L'homme vit rouge, mais réfléchit deux secondes.

- Ce sont ces deux pouffiasses ! Vous savez ce qu'elles faisaient dans le jacuzzi ?! Il vous faut un dessin peut-être ?

- Je n'ai rien vu de scabreux. Par contre, vous, vous les avez suivies, puis importunez. Ce n'est pas tolérer dans mon établissement. Ici, chacun doit se sentir libre d'être qui il veut, et personne ne peut en profiter ou être irrespectueux. En conséquence, vous n'avez plus accès au spa, puisque vous ne savez pas vous tenir.

- C'est une honte ! Je vais vous massacrer sur les réseaux sociaux !

- Qu'à cela ne tienne, j'en ferai de même, preuve à l'appui.

- Espèce de…

- Mesurez vos paroles. Bonne journée.

Elle planta là son client, qui partit du ranch une heure plus tard, avec perte et fracas, embarquant sa femme dans son sillage. Victoria souffla enfin, satisfaite de la tournure des évènements.

- Et une andouille en moins. Une !

Elle retourna vaquer à ses occupations, en sifflotant gaiement.

Emma et Regina furent rapidement de retour chez elles. La soirée était déjà bien entamée, et Henri ne rentrerait que le lendemain soir, permettant au couple de se retrouver avant que la petite tornade ne s'abatte sur elles. Elles remirent en place leurs affaires, et la brune s'activa autour de la machine à laver, afin de ne pas remettre les taches ménagères au lendemain. Emma furetait du côté de la cuisine, affamée.

- Regina, une pizza ce soir, ça te dit ?

La mère de famille revint près de sa compagne, une moue dubitative sur le visage.

- Ce n'est guère ma tasse de thé. Que dirais-tu de commander japonais, plutôt ?

- Excellente idée ! Un chirashi saumon pour toi, et un plateau de sushis pour moi ? De la soupe miso ?

- Oui, bien entendu.

Emma décrocha son téléphone et passa la commande. Elle raccrocha, et sourit à la brune.

- Nous pourrons manger d'ici une demi-heure.

- Parfait.

Cette dernière se rapprocha, et enserra la taille de la blonde, qui inclina la tête sur le côté.
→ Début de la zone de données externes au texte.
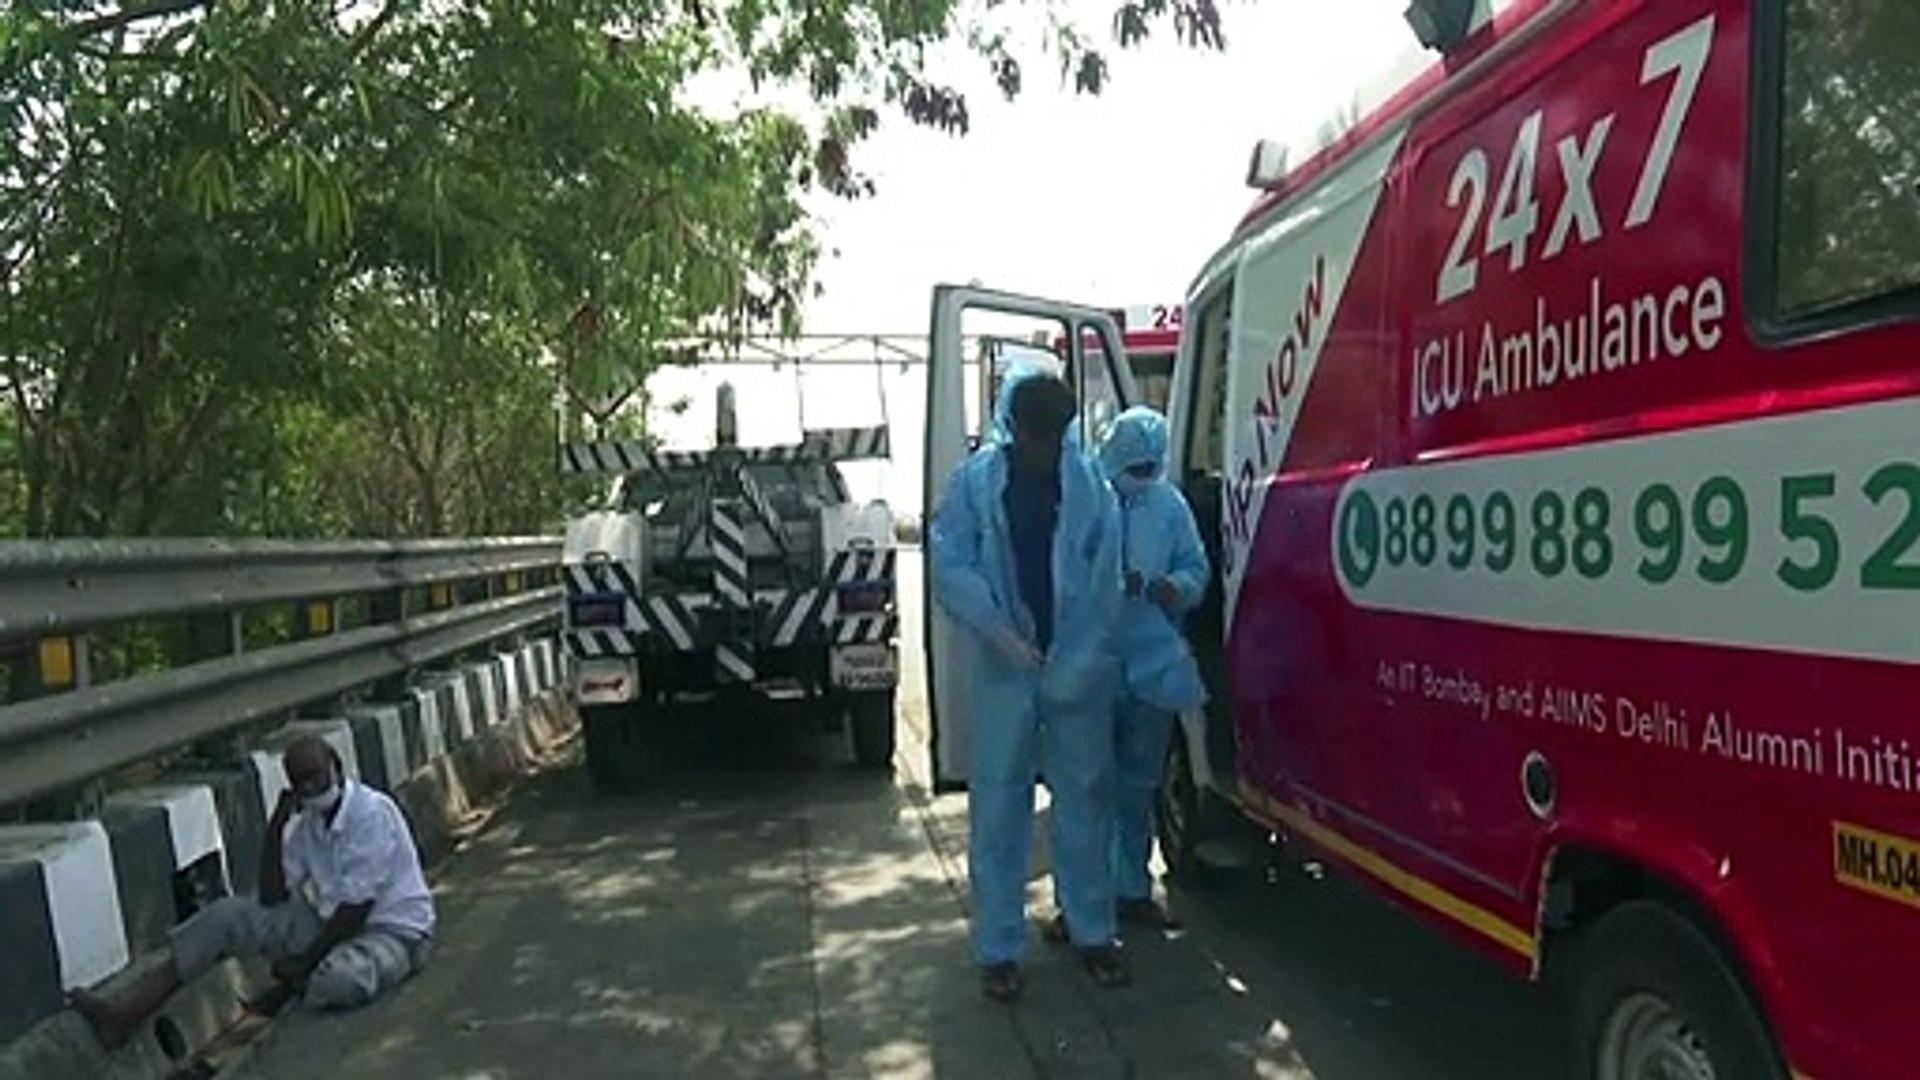 شركة ناشئة لسيارات الإسعاف تساعد فقراء بومباي على مواجهة كورونا

- Madame Mills, une envie particulière ?

- Seulement un besoin de câlins, avant le dur retour à la réalité.

- Tu n'as pas tort, profitons-en.

Elles restèrent ainsi, avant d'entendre la sonnerie de l'entrée.

- Je crois que le dîner est servi !

Regina laissa la blonde prendre le repas, et dressa le couvert.

Lorsqu'Emma ouvrit la porte, elle sourit en voyant le livreur lui tendre les mets qu'elle appréciait tant. Mais en arrière plan, une ombre passa dans le couloir, la faisant plisser des yeux. Marianne la vit et ne la salua pas, toujours aussi hautaine. Emma souleva les épaules, et s'en retourna chez elle, afin de passer la soirée en charmante compagnie.

- Tu ne devineras jamais qui je viens de croiser dans le couloir.

- Le lapin de Pâques ?

- Très malin. Marianne.

À ce nom, Regina se figea une demi-seconde, avant de reprendre un air détaché.

- Oh, vraiment ? Et tu as parlé avec elle ?

- Tu plaisantes ? Je suis persona non grata, tout comme toi.

- Bien. Ça ne me dérange guère.

- Moi non plus, c'est certain. Mais je pense à quelque chose…

La brune releva les yeux vers Emma, qui semblait perdu subitement dans ses pensées.

- Marianne a eu la monnaie de sa pièce, mais Robin…

- Il ne peut plus rien me faire. Je ne travaille plus pour lui.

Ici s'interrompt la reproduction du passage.